5. Patent Law Faq: Common Questions Answered
These are the questions inventors and businesses ask most about patent law, covering what it protects, how long patents last, how to file, and what infringement means. Each answer is written to stand on its own.
What Is Patent Law?
Patent law is the federal law that grants inventors exclusive rights to their inventions for a limited time. It is based in Article I of the Constitution and set out in Title 35 of the U.S. Code. It defines what can be patented, how patents are obtained through the USPTO, and how they are enforced.
What Are the Three Types of Patents?
The three types of patents are utility, design, and plant patents. Utility patents cover how an invention works. Design patents cover the ornamental appearance of an article. Plant patents cover new, asexually reproduced plant varieties. Utility patents are by far the most common type filed and granted.
How Long Does a Patent Last?
Utility and plant patents generally last 20 years from the relevant filing date, provided maintenance fees are paid on utility patents. Design patents filed on or after May 13, 2015 last 15 years from grant. When a patent expires, the invention enters the public domain and can be used freely.
What Makes an Invention Patentable?
An invention is patentable if it is eligible subject matter, useful, novel, nonobvious, and adequately described. These requirements come from 35 U.S.C. .ections 101, 102, 103, and 112. Abstract ideas, natural laws, and natural phenomena cannot be patented, even when the other requirements are satisfied.
What Is the Difference between a Provisional and Nonprovisional Patent Application?
A provisional application preserves an early filing date and is not examined, and it lasts 12 months without extension. A nonprovisional application is the formal application that the USPTO examines and that can mature into an issued patent. A provisional only helps if a nonprovisional is filed within the 12-month window.

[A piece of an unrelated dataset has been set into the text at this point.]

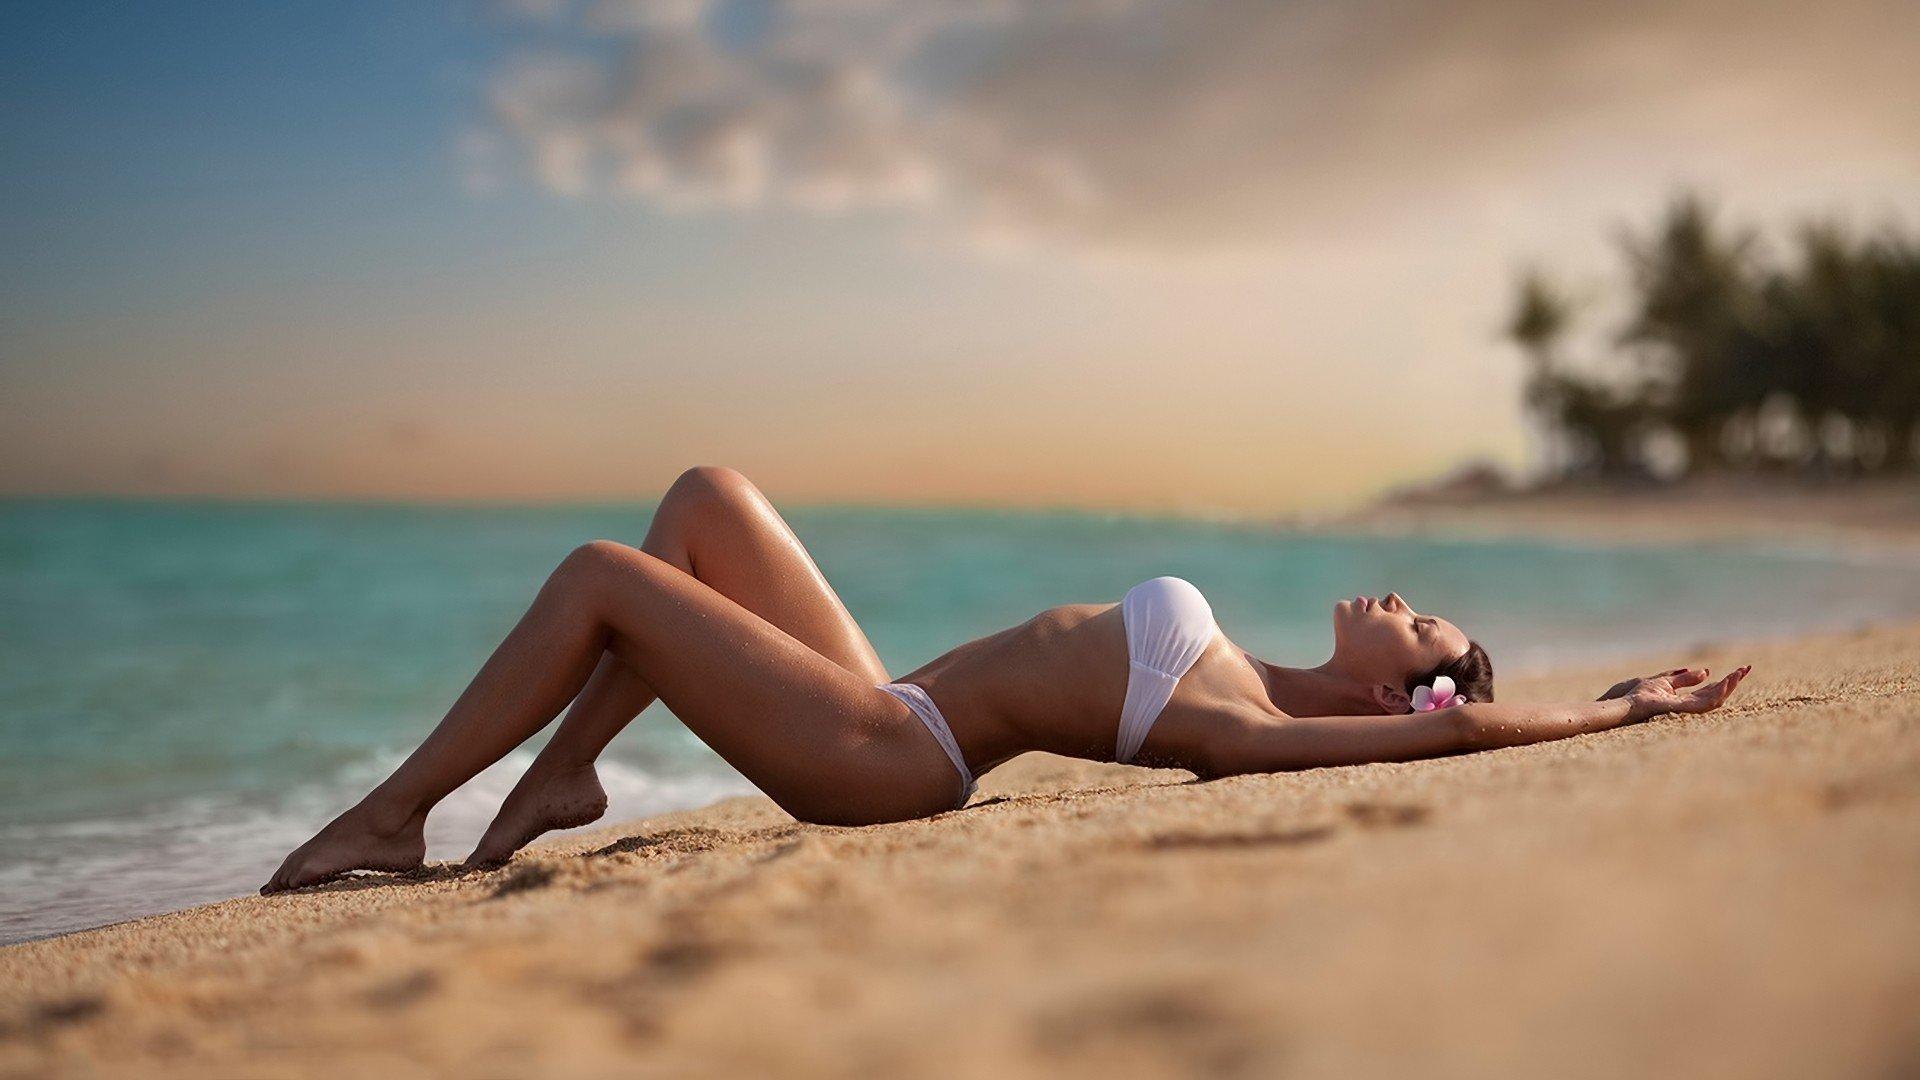 433716-beach-women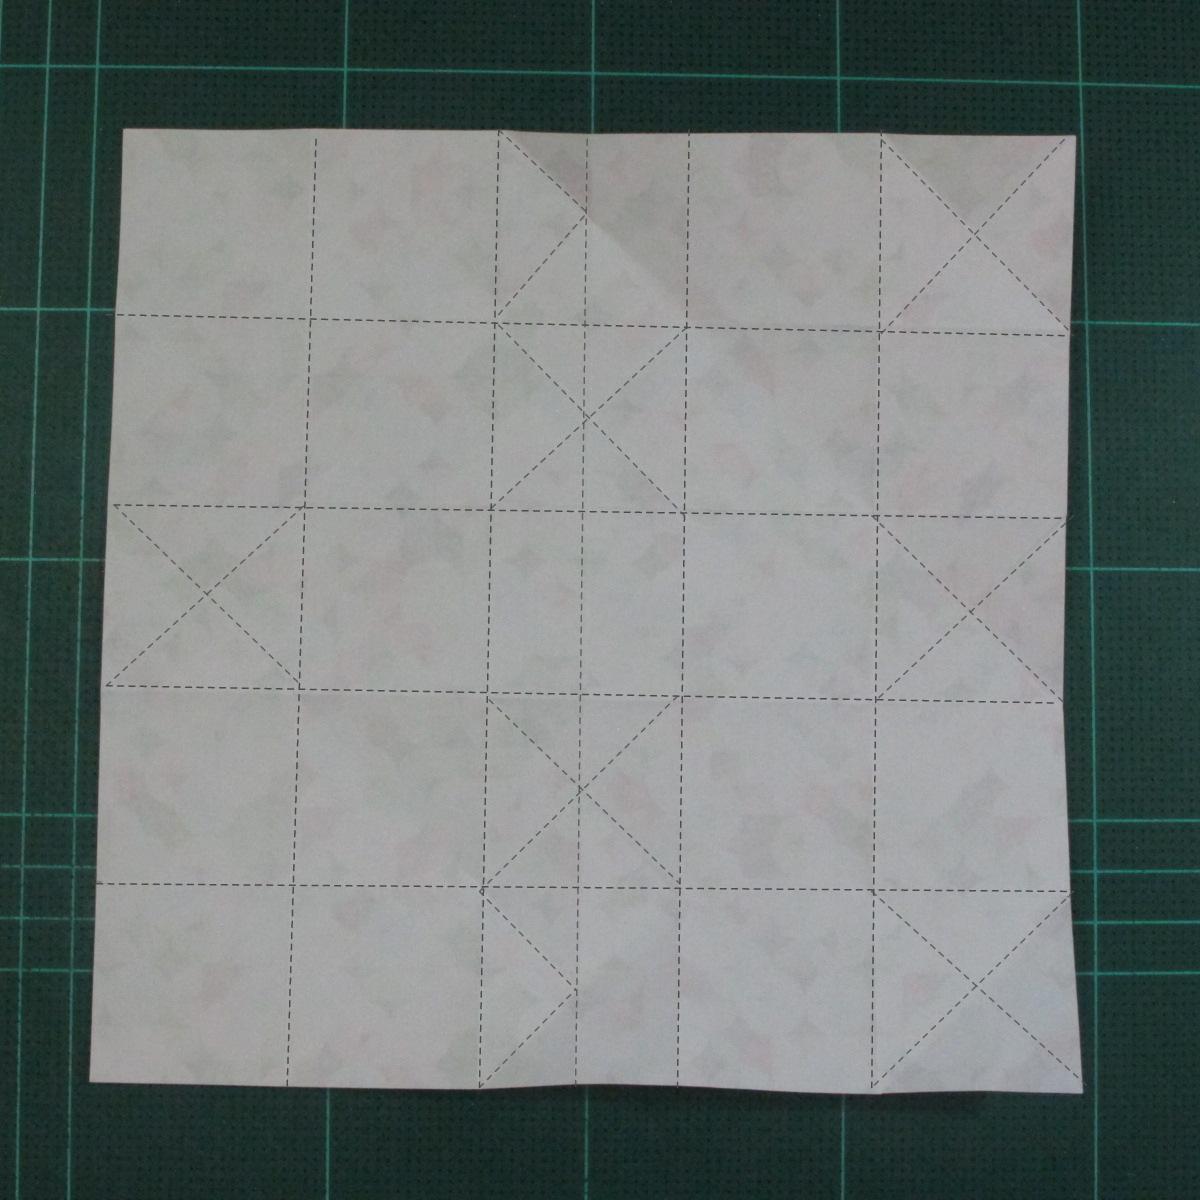 วิธีพับกล่องของขวัญแบบมีฝาปิด (Origami Present Box With Lid) 013

What Is Patent Infringement?
Patent infringement is making, using, selling, offering to sell, or importing a patented invention without the owner's permission. It is defined in 35 U.S.C. § 271 and may be direct or indirect. A patent owner can seek an injunction and damages, and damages may be tripled when the infringement is found to be willful.
Can a Patent Be Challenged after It Is Granted?
Yes, a granted patent can be challenged. An accused infringer can raise invalidity as a defense in court, and third parties can challenge validity at the USPTO through inter partes review before the Patent Trial and Appeal Board, or through post-grant review within a limited period after grant. These challenges test novelty, obviousness, and disclosure.
Do I Need a Patent Attorney to File?
You are not legally required to hire a patent attorney, but the process is technical. Only practitioners registered with the USPTO may represent applicants. Because claim drafting, prior art searches, and examiner responses require legal and technical skill, and deadlines are strict, many inventors work with a registered patent attorney or agent.